Exercise details
Output exactly, in the material below, the lines from the one with "Giáo trình Robot công nghiệp trang 5" through the one with "Comprar Casa /". Omit all pictures.

Dataset content
- - -

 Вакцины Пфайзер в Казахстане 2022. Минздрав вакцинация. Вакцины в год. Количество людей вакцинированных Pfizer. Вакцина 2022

- - -

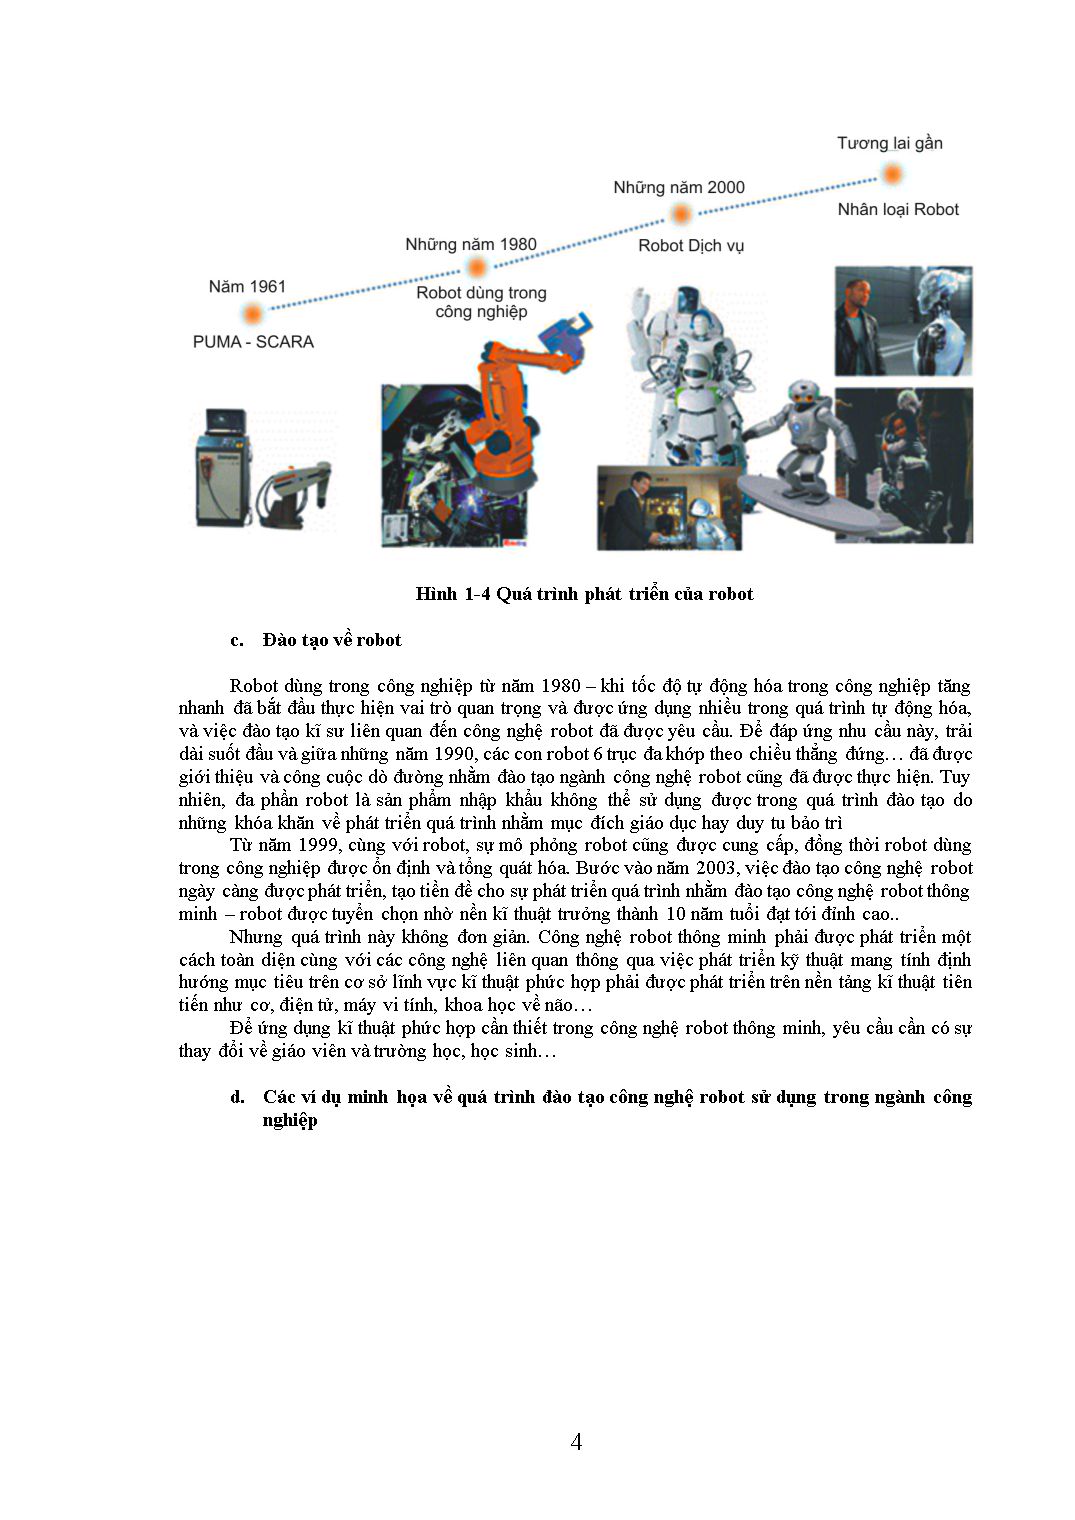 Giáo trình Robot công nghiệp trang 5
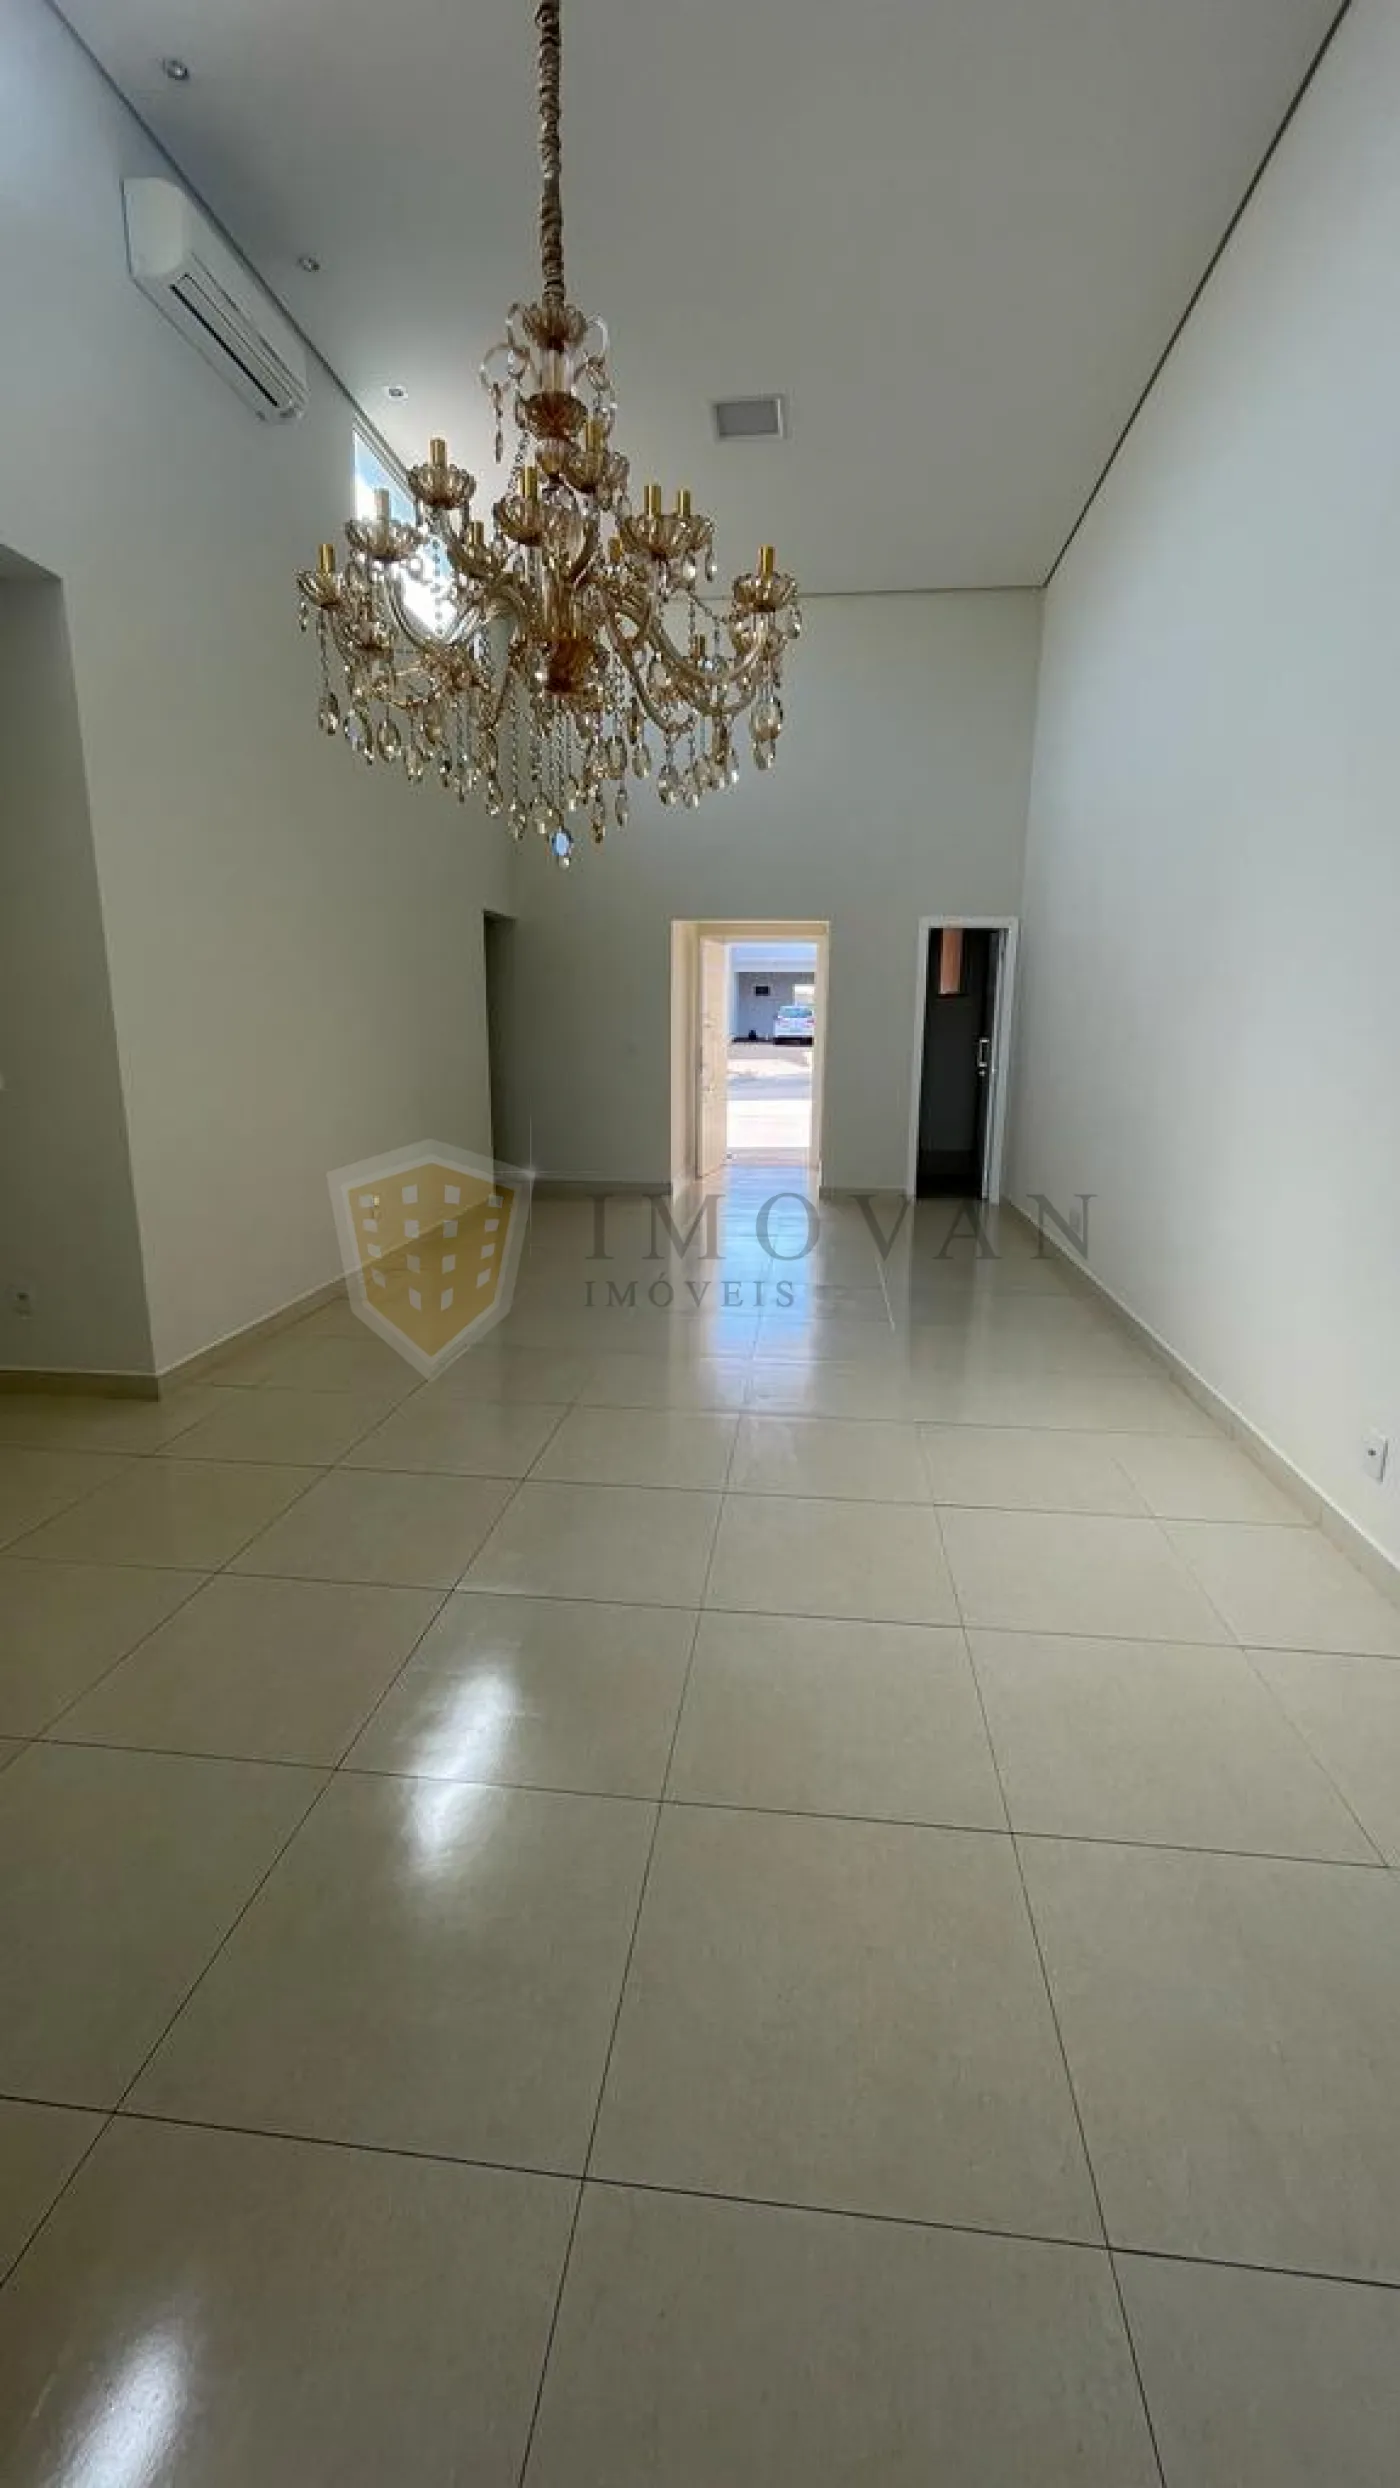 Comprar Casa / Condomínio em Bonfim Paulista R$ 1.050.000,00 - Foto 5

- - -

Output of the task
 Giáo trình Robot công nghiệp trang 5
 Comprar Casa / Condomínio em Bonfim Paulista R$ 1.050.000,00 - Foto 5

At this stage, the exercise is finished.